Когда они срезали с него одежду, на груди его обнаружились две незажившие ножевые раны, нанесенные умелой рукой.
— Я расскажу о том, что произошло, на свой манер; но вы меня поймете. Я начну сначала и расскажу о себе и о женщине, а потом о мужчине.
Человек с выдрами перешел поближе к печке, как делают все люди, которые долго были лишены огня и боятся, что дар Прометея может исчезнуть в любой момент. Мельмут Кид усилил огонь в жировой лампе и повернул ее так, чтобы свет ее падал на лицо рассказчика. Принс перегнулся всем корпусом через край койки и тоже стал слушать.
— Я — Наас, вождь и сын вождя, рожденный между закатом и восходом, среди темных волн, в отцовском умиаке. Всю ночь мужчины работали веслами, а женщины вычерпывали волны, заливавшие нас, и мы сражались с бурей. Соленая влага замерзала на груди моей матери, пока дыхание ее не прекратилось вместе с непогодой. Но я, — я возвысил свой голос над ветром и бурей… и остался в живых. Мы жили на Акатане…
— Где? — спросил Мельмут Кид.
— Акатан, что среди Алеутских островов, — Акатан, что позади Чигника, позади Кардалака, позади Унимака. Итак, я говорю, мы жили на Акатане, что лежит посреди моря, на краю света. Мы добывали из соленого моря рыбу, нерпу и выдру, и дома наши подпирали друг друга на скалистой полосе, между опушкой леса и желтой бухтой, где лежали наши каяки. Нас было немного, и мир был очень мал. На востоке были чужие земли, острова, подобные Акатану. И мы думали, что весь свет — одни только острова, и были спокойны.
Я не походил на людей своего племени. В песке бухты валялись искалеченные мачты и покоробленные волнами планки такого судна, каких мой народ никогда не строил. И я помню, что на самой вершине острова стояла сосна, никогда раньше не росшая там, — гладкая, прямая и высокая. Говорили, что два человека взобрались на эту вышку, повертелись вокруг нее, и много дней наблюдали смену дня и ночи. Эти два вышли из моря на той лодке, куски которой валялись в бухте. Они были белы, как вы, и слабы, как дети, когда нерпа уходит и охотники возвращаются домой с пустыми руками. Я знаю об этом от старых мужчин и старых женщин, которые слышали это от своих отцов и матерей. Эти чужие белые люди сначала не могли освоиться с нашими обычаями. Но затем они окрепли от рыбы и тюленьего жира и стали жестоки. И они построили себе каждый по дому и взяли себе наших женщин; и со временем пошли у них дети. Так родился тот, кто стал отцом моего отца.

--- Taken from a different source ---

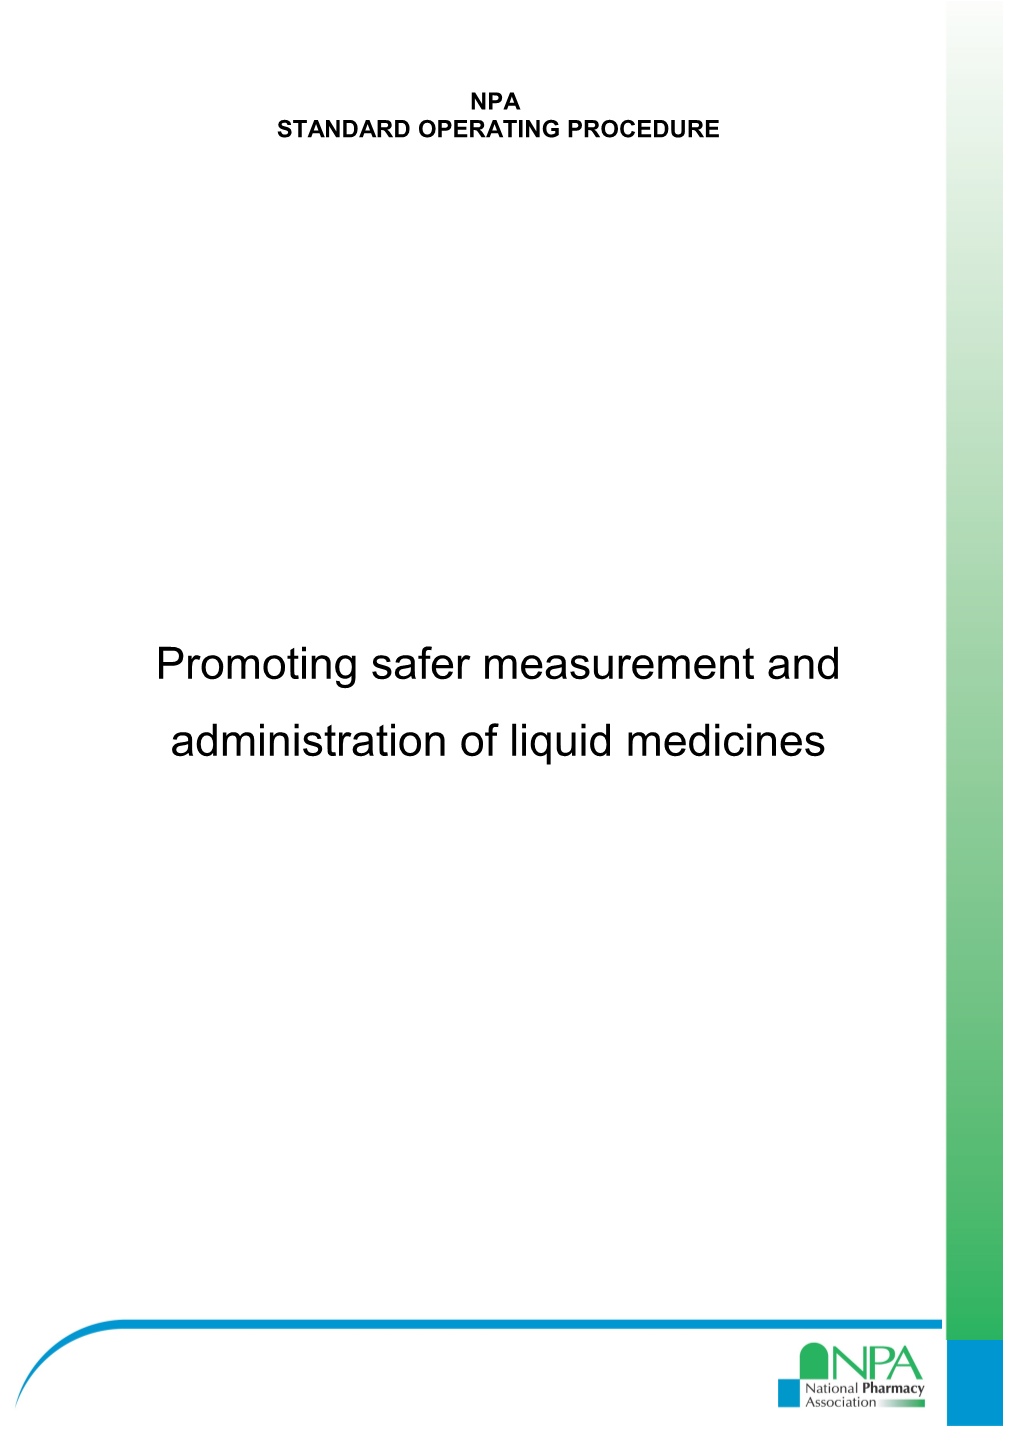 Measurement and Administration of Liquid Medicines
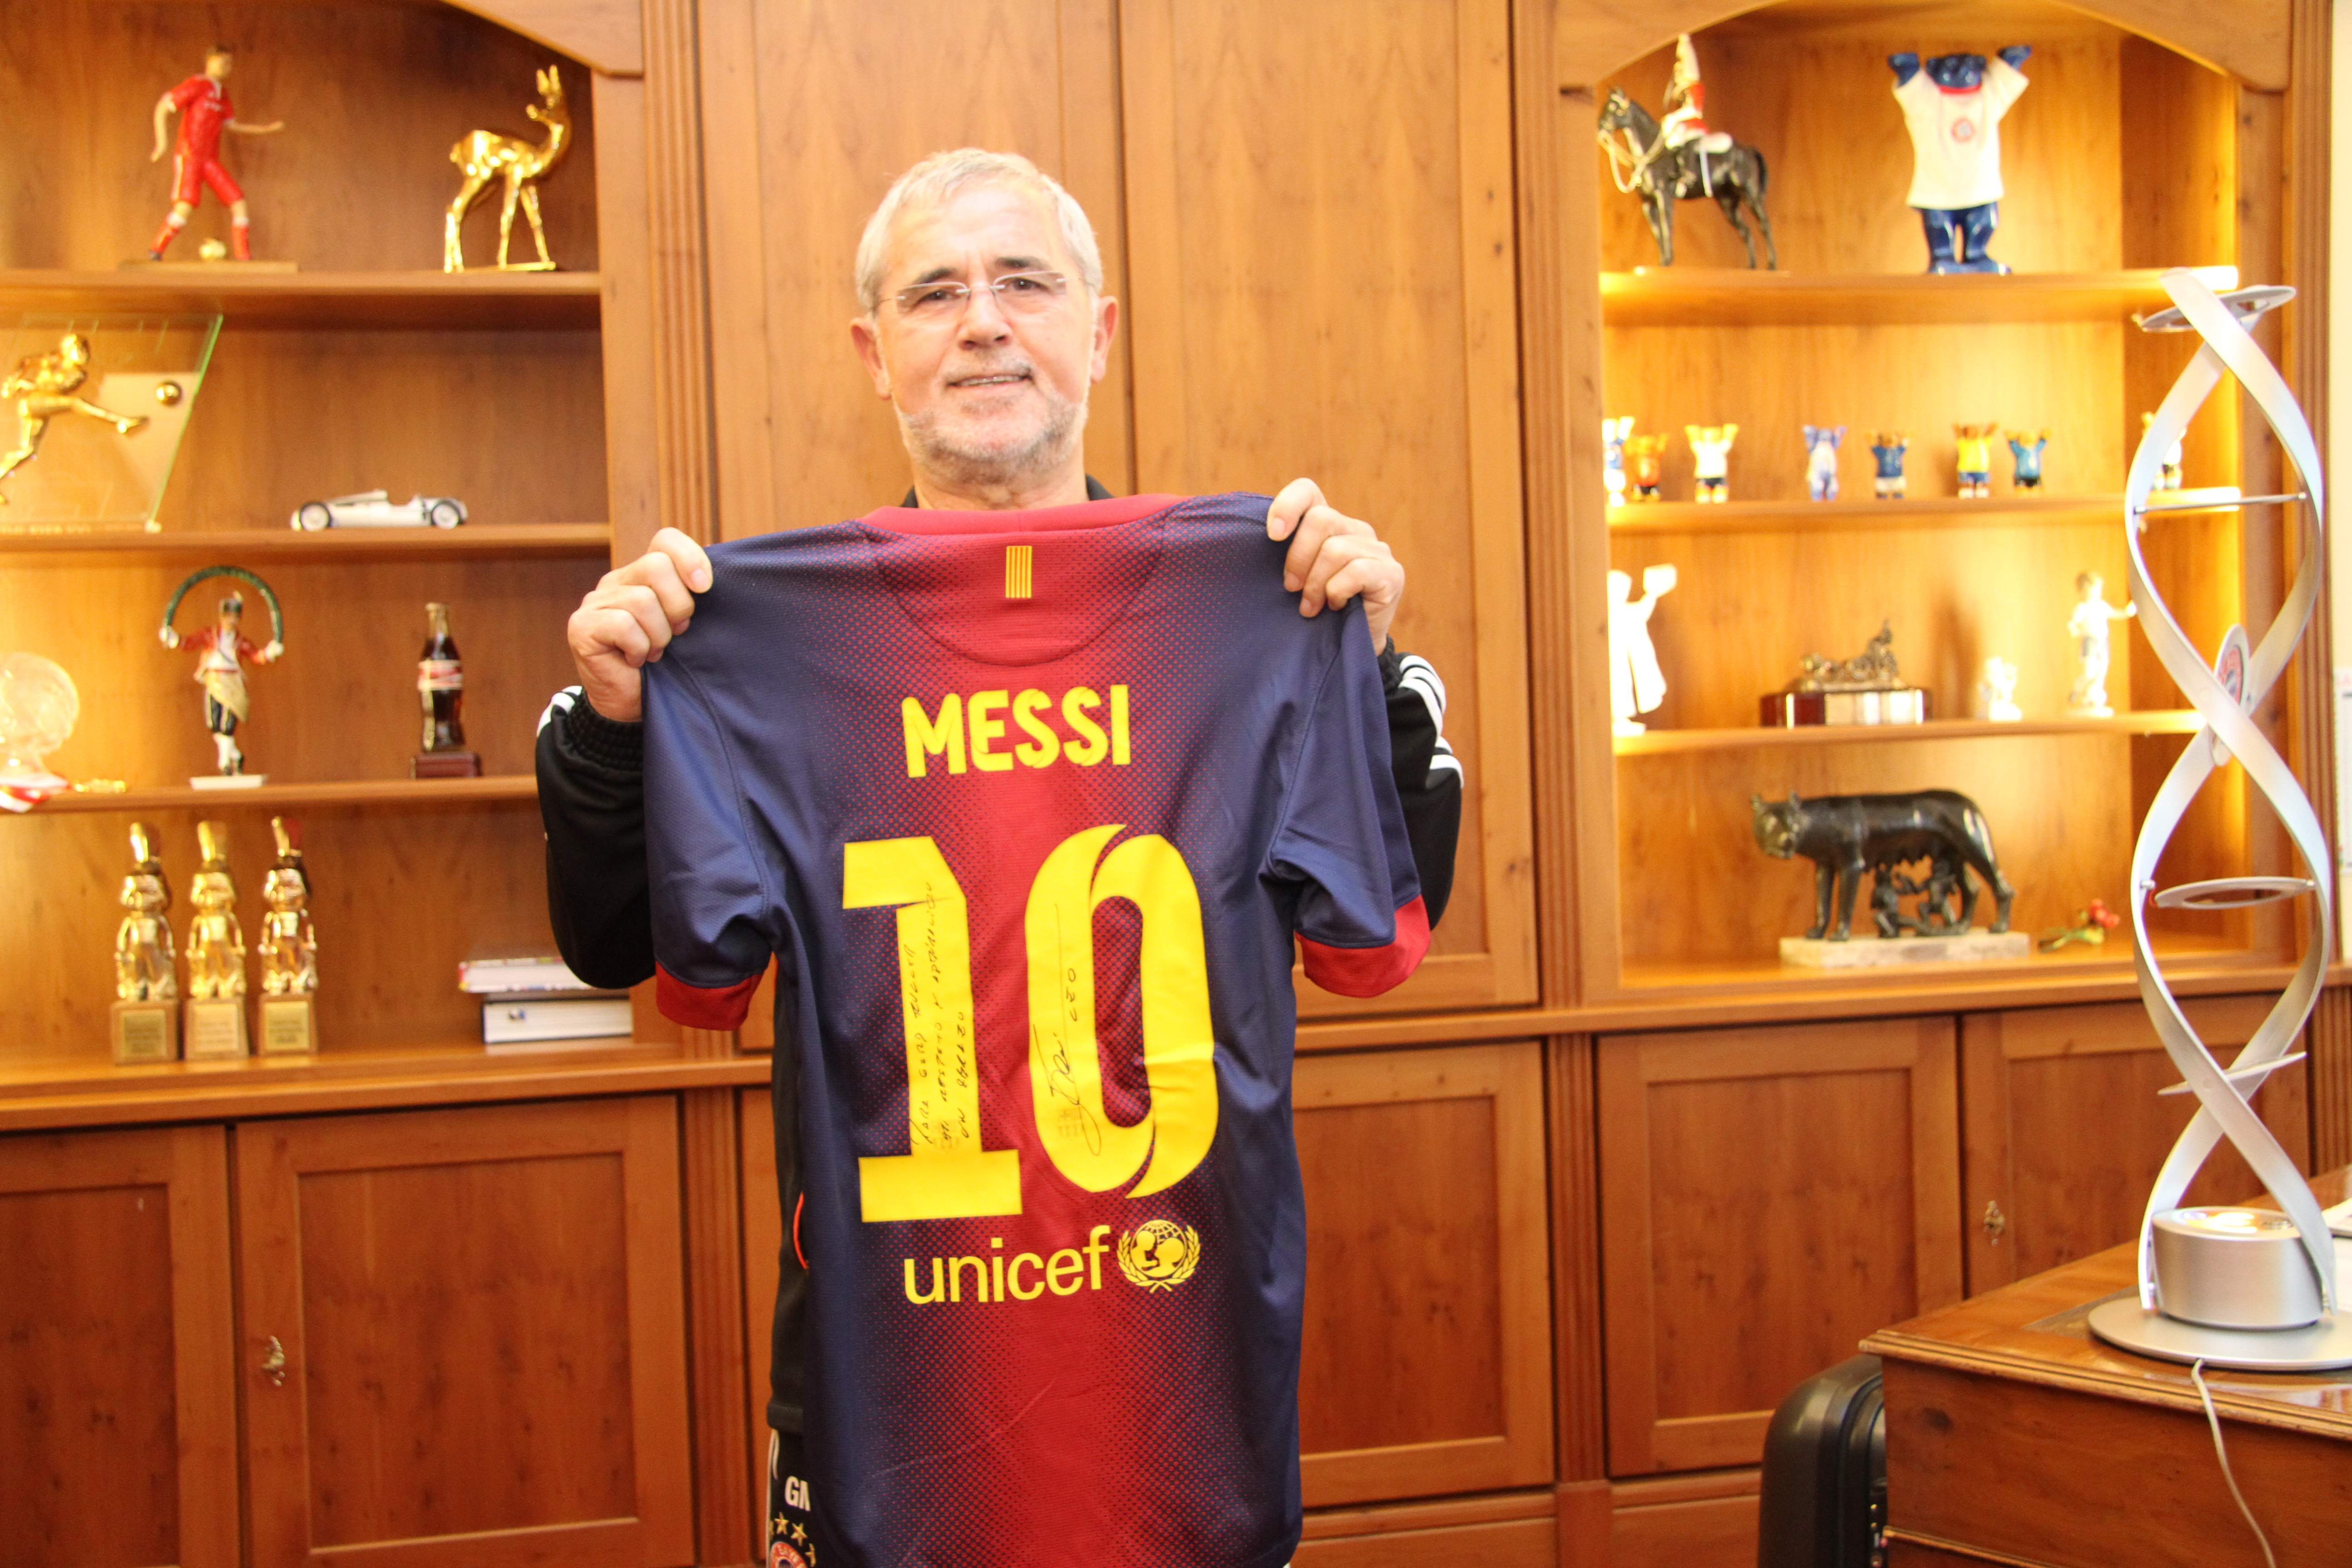 Margaret Mitchell Siden Kakadu Gerd Müller receives Leo Messi's jersey

Я сказал уже — я не походил на свой народ, потому что я носил в себе чужеземную кровь тех белых людей, которые вышли из моря. Говорят, что у нас были другие законы перед приходом этих людей; но белые были жестоки и воинственны и сражались с нашими людьми до тех пор, пока у нас не стало людей, которые бы осмелились биться с ними. Тогда они сделались вождями, отняли у нас наши старые законы и дали нам новые, и человек стал сыном своего отца, а не своей матери, как было у нас в обычае. И они постановили также, чтобы первородный сын получал все, чем владел его отец, а остальные братья и сестры должны были сами зарабатывать, чтобы не умереть. И дали нам еще другие законы. Они показали нам новые способы ловить рыбу и убивать медведей, живущих глубоко в лесу, и научили нас откладывать большие запасы на случай голода. И все это было хорошо.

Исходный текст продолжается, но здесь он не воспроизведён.